Early career as member of Alleyway Theater Company 
Kim was born in South Korea on March 1, 1980. He majored in sculpture at an Hongik University College of Fine Arts. After being discharged from the military, he wanted to become an actor and entered the acting department. Kim studied at the Seoul Institute of the Arts where he received bachelor degree from the Department of Theater and Film. 

He used to be more interested in the film class and just doing only few theater works. His debut as an actor was in an independent short black and white film A Matter of Principle in 2008. Kim and actor Shim Jae-hyun were working in a school play, they were approached by Professor Park Geun-hyung, one of university professor of the Seoul Institute of the Arts and also leader of Alleyway Theater Company, who invited them to see his play. Kim drawn into theater world, then later debuted in the Seoul Theater Company's Korean production of the play Marat, Sade (2009) by playwright Peter Weiss under direction of Park Geun-hyung himself. Kim also became member of Alleyway Theater Company.

In 2013, in 10th Anniversary Festival of Alleyway Theater Company, Kim acted as poet Lee Sang in Korean two-hander play Raising the Sun in the Sky by playwright Kwon Tae under direction of Lee Eun-joon. This work imprinted Kim Joo-hun's name in theater world, as winner of Best Actor in the 11th Drama Festival Acting Award. In the same year he acted in minor role in feature film Way Back Home (2013).

Hiatus from Theater and Comeback 
Kim left Alleyway Theater Company in 2014 and took hiatus as theater actor for around three years. He did manual labor as construction worker to earn living. Within those years, Kim still accepted minor roles in various films. He subsequently appeared in The Con Artists (2014), Tazza: The Hidden Card (2015), Planck Constant (2015), The Accidental Detective (2015), A Violent Prosecutor (2016), and a box office film Train to Busan (2016). He also debuted in television with minor roles in OCN drama series Squad 38. In 2015 Kim sign exclusive contract with Urban Ent.

In spring 2017, Kim returned to Daehak-ro as Håkon Håkonsson, King-elect of Norway in a premiere of Korean adaptation of Henrik Ibsen's play The Pretenders, titled The Claimants of the Throne. Director Kim Gwang-bo and writer Ko Yeon-ok, teamed up again for this project that performed at Sejong Center for the Performing Arts M Theater. 
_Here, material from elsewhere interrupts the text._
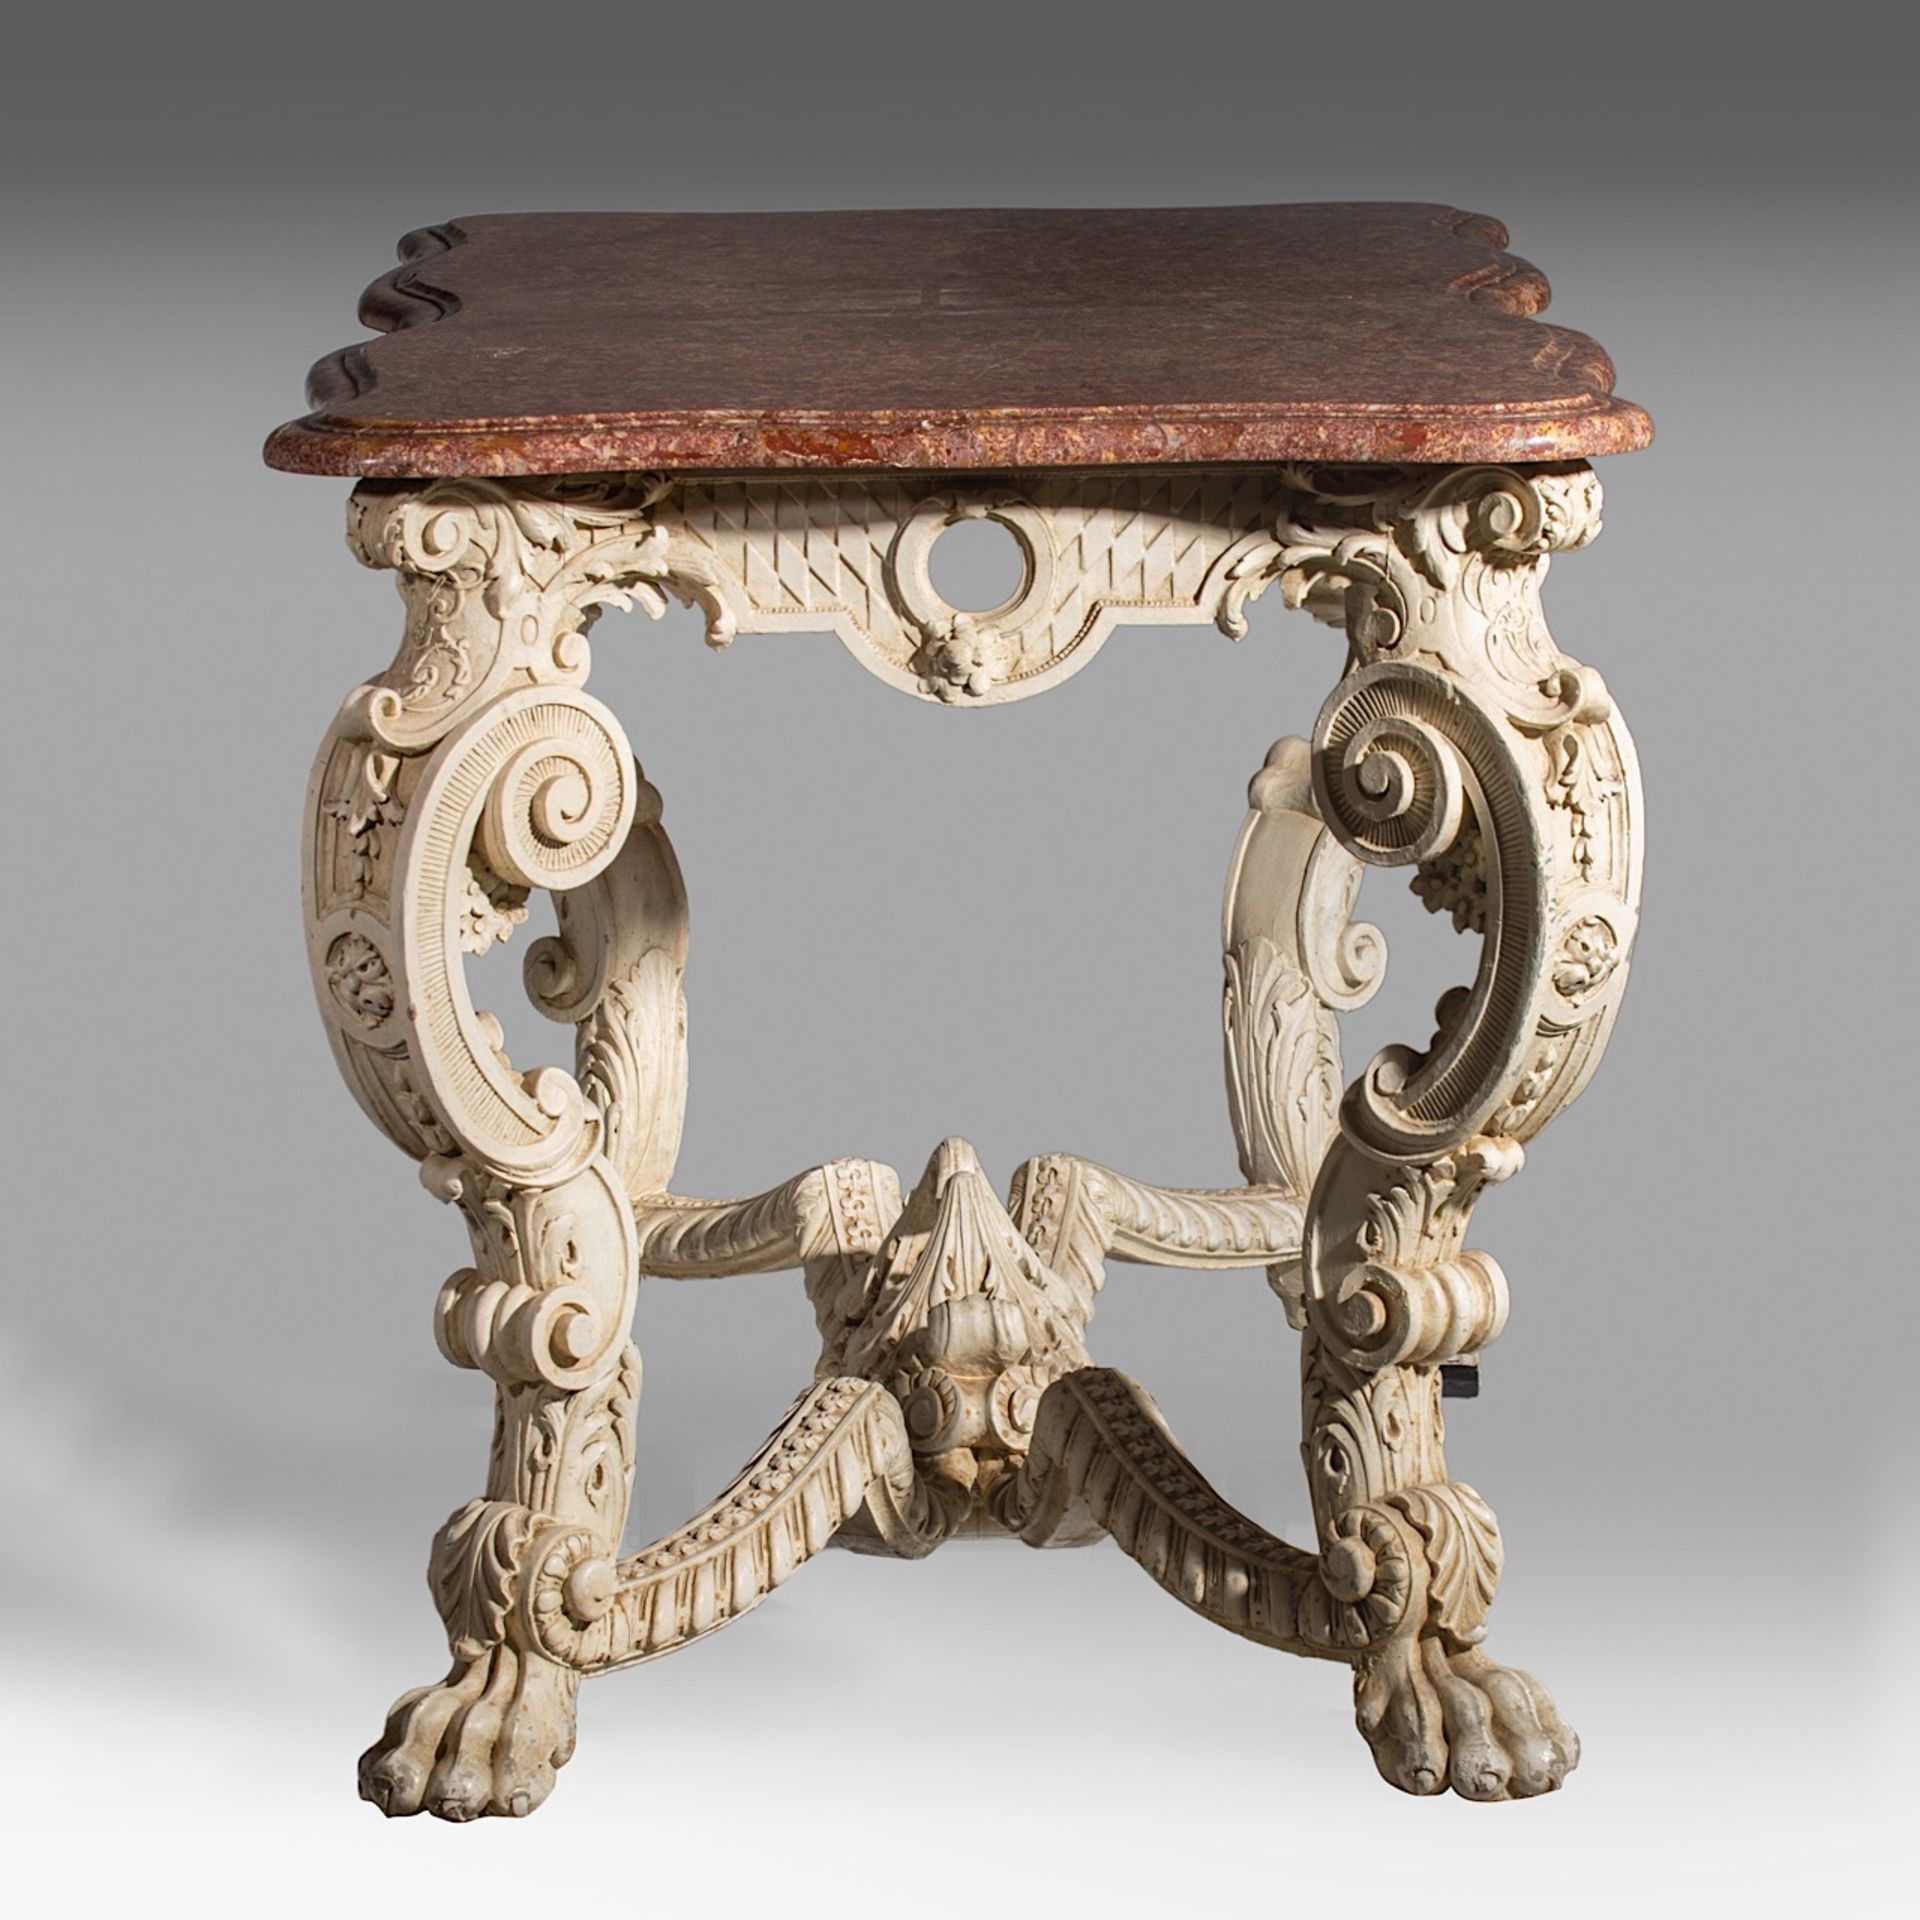 An imposing Louis XIV-style 'console de milieu' with a brocatelle marble, 19thC, H 81,5 - W 147 - D - Image 5 of 11

In autumn 2017, Kim starred as French Diplomat, Rene Gallimard in a third korean adaptation of David Henry Hwang’s play M. Butterfly, one of repertoire of The 9th Best Plays Festival, Directed by Kim Dong-yeon, it was performed from September to December at the Art One Theater Hall 1.

Breakthrough in small screen and recent theater projects 
Kim also became a scene stealer in tvN drama Argon (2017) as Ahn Jae-geun, a whistleblower at Seomyoung Foods. Kim became known to general television audiences in end of 2018 after starring as Lee Dae-chan in tvN drama series Encounter (2018) alongside Park Bo-gum and Song He-kyo. Before starting this drama, in October 2018, he signed an exclusive contract with his current agency, S.A.L.T Entertainment.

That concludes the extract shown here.